WASHINGTON, DC: Hyderabad-based Hetero Labs has signed a licence agreement with the Medicines Patent Pool that will allow it to produce key HIV medicines for a number of developing countries.

The agreement will allow Hetero to produce four key medicines originally developed by Gilead Sciences – emtricitabine, cobicistat, and elvitegravir, and a combination of these medicines plus a fourth drug, tenofovir, in a single pill known as the “Quad” – in 100-112 countries. These medicines were licensed to the Pool by Gilead Sciences in July 2011.

“The terms and conditions that the Pool was able to negotiate represent an improvement on previous licences and this will enable us to make affordable drugs available faster to more people,” said Mr M. Srinivas Reddy of Hetero. Hetero is a major supplier of HIV medicines in the developing world, with more than 25 products approved by the US Food and Drug Administration/World Health Organization in Geneva, and many in the pipeline. Hetero currently produces antiretroviral treatment for over 2 million people living with HIV in more than 100 countries.

Hetero has also chosen to take advantage of a key flexibility in the Pool’s agreement that enables it to sell tenofovir to a large number of countries where it is not under patent.

Cobicistat, elvitegravir and the Quad are new drugs in development; being licensed through the Pool should help speed their availability in developing countries soon after they receive regulatory approval; this is a significant step forward as there is often a several years-long delay for new medicines to reach resource-limited markets.
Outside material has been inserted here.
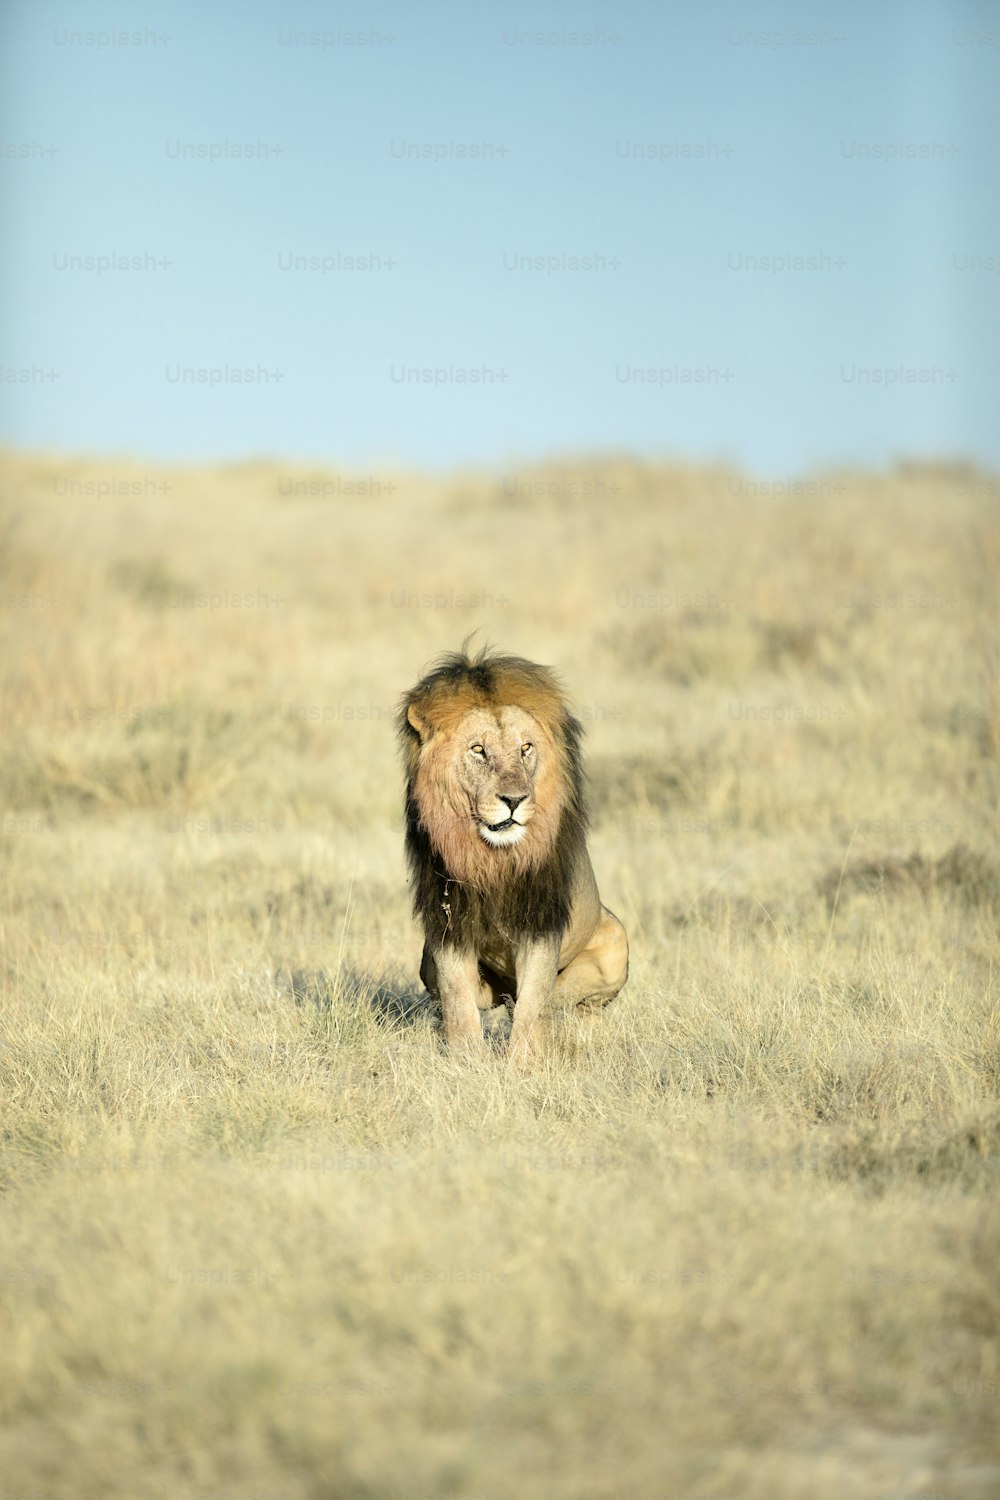 Un lion mâle avec du sang sur sa crinière dans le parc national d’Etosha, en Namibie.

“Hetero’s joining the Pool will help expand access to tenofovir in more countries. We are also excited at the prospect of a leading HIV manufacturer such as Hetero being able to launch promising new therapies soon after they are approved in developed countries,” said Chan Park, Interim Executive Director of the Medicines Patent Pool.

Hetero is the fourth generic company to take a licence from the Pool. The more companies take licences from the Pool, the more robust will be generic competition on HIV medicines, and the more affordable those medicines will become for people who need them.

“UNITAID helped create the Pool because it believed in its potential to help bring affordable, necessary medicines to market. Every new sub-licensee takes the Pool one step closer to that goal,” said Denis Broun, Executive Director of UNITAID.

The Medicines Patent Pool is in negotiations with patent holders Boehringer-Ingelheim, Bristol-Myers Squibb, F. Hoffman La Roche, and ViiV Healthcare [a joint venture of GlaxoSmithKline and Pfizer], as well as with several generic companies, to reach licence agreements that will help reduce the prices on several additional key HIV medicines.

For further information on the Medicines Patent Pool, see its website at: www.medicinespatentpool.org, or contact MPP Communications at gro.looptnetapsenicidem@sserp

ABOUT THE MEDICINES PATENT POOL

The Medicines Patent Pool, founded with the support of UNITAID in July 2010, is a mechanism seeking to lower the price of medicines for HIV in developing countries by facilitating generic competition. Patents can drive up prices for drugs; licences allow low-cost generic versions to be made even where patents exist. The Pool negotiates with the patent holders of critically important HIV medicines for licences; it then sub-licenses these to generic manufacturers, freeing them up to develop, produce and sell affordable medicines in agreed countries under strict quality assurance.

ABOUT UNITAID

UNITAID is a global health initiative established to increase access to quality-assured treatments for HIV/AIDS, malaria and tuberculosis through sustainable financing and market interventions. In less than five years since its inception, UNITAID has committed US$ 800 million for AIDS treatment in 52 low- and middle-income countries. UNITAID developed the concept of the Medicines Patent Pool as part of its market strategy, which is to stimulate market competition, ramp up production and increase availability of newer and better medicines at affordable prices. In December 2009, the UNITAID Executive Board voted in principle to create the Medicines Patent Pool, which became a separate legal entity in July 2010.